I’ve had a lot on my mind this week and it’s engendered a bit of insomnia, so I found myself channel surfing at three am. It never ceases to amaze me that with nine hundred channels of DirecTV and a dozen streaming services, sometimes it still seems as though there’s nothing on to watch. Finally, I land on the movie “Wild” based on Cheryl Strayed’s New York Times bestselling book of the same name. I read the book when it came out and figured Reese Witherspoon’s take on it might be interesting. For those who don’t know, the movie (and the book) is about Strayed’s quest to hike the Pacific Crest Trail alone for one hundred days.
It's a riveting story in part because she’s not an experienced hiker so it’s easy to see ourselves in her, imagining that we too might attempt something as audacious. It also strikes a chord because of the deep-rooted rugged individualism that is baked into our American psyche. After all, we are a nation founded by “do-it-alone” types—it’s the ethos of the American dream.
As a nation and as individuals, we’ve gotten to where we are by putting ourselves first; but the Torah has something to say about putting ourselves first.
This week, God offers Abraham, our first ancestor, a reward because of his devotion and Abraham responds by asking God, “What can you give me, seeing that I am old and will die childless?”
So God arranges for Abraham to have a child with Hagar with his wife Sarah’s permission and we all know how well that went. The tensions rise and the relationships become toxic. Sarah gets angry and blames Abraham, “This is all your fault!”

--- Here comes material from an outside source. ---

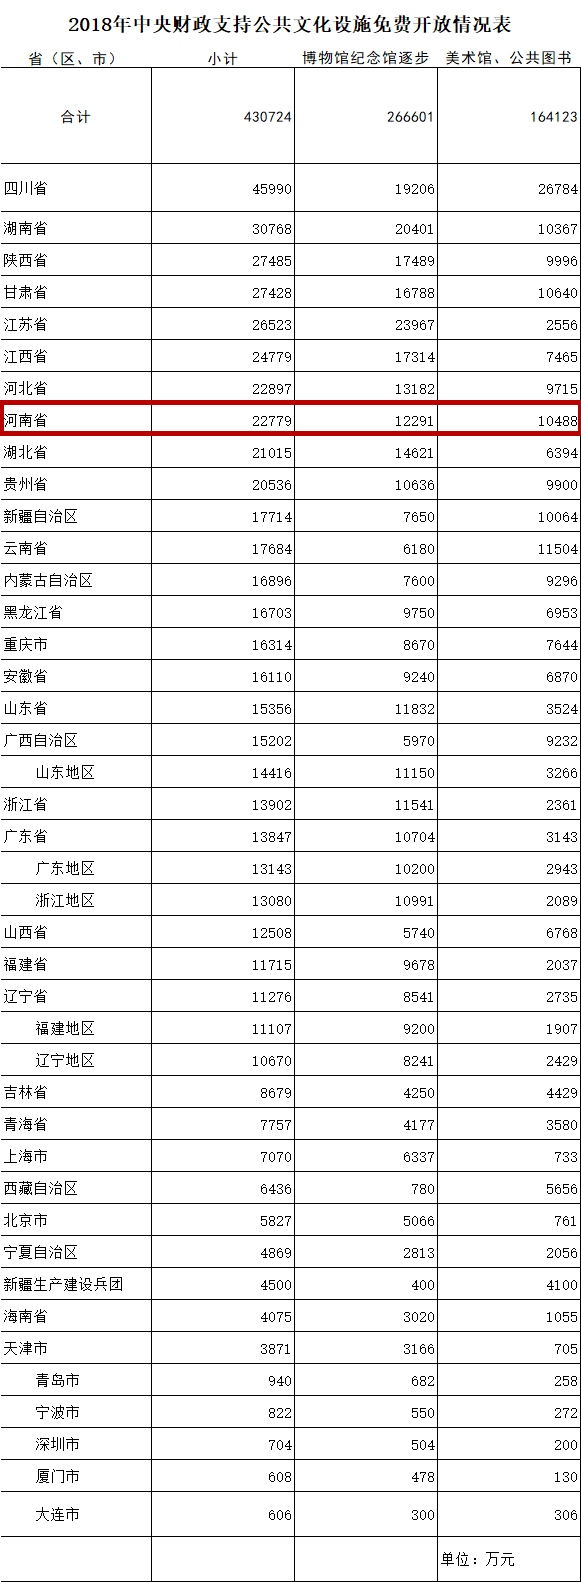 【经济速递-文字列表】河南获中央2.28亿补助公共文化设施免费开放

Abraham wasn’t the first or the last husband to get into trouble for doing something he thought his wife had said was ok—but for good reason. The rabbis agree with Sarah, Abraham is at fault because he didn’t speak out on his wife’s behalf. They compare it to the case of two prisoners.
One day the king passes their cells and one prisoner cries out “Spare me!” upon which the king orders that man to be released. As he leaves, the other prisoner shouts to him “This is all your fault! Had you just said ‘Spare us!' I would have been released too.”
When God offered Abraham a reward, he could have said “What can you give us, seeing that we are old and will die childless?” If he had, maybe God’s solution would have been for both Abraham and Sarah. But instead, Abraham, the wise, strong, patriarch of our tradition thinks only of himself.
I often stand at the open ark with the Cantor before a b’nei mitzvah and their family and tell them that the world they are going out into will often try to convince them that they only need to worry about themselves—that as long as they get what they need, accomplish with they want, achieve their goals—how they go about it doesn’t matter. But if they can remember that they are a part of a community, that their behavior has ripples beyond themselves, and they have a responsibility to the people around them, then their lives will be so much deeper, richer, and more meaningful.
Even Abraham, the compassionate and generous man that he was, succumb to thinking only of himself; of course, we all do the same from time to time, and yes, individualism has its place, but as the Torah reminds us this week, life cannot only be about us—it must be about all of us.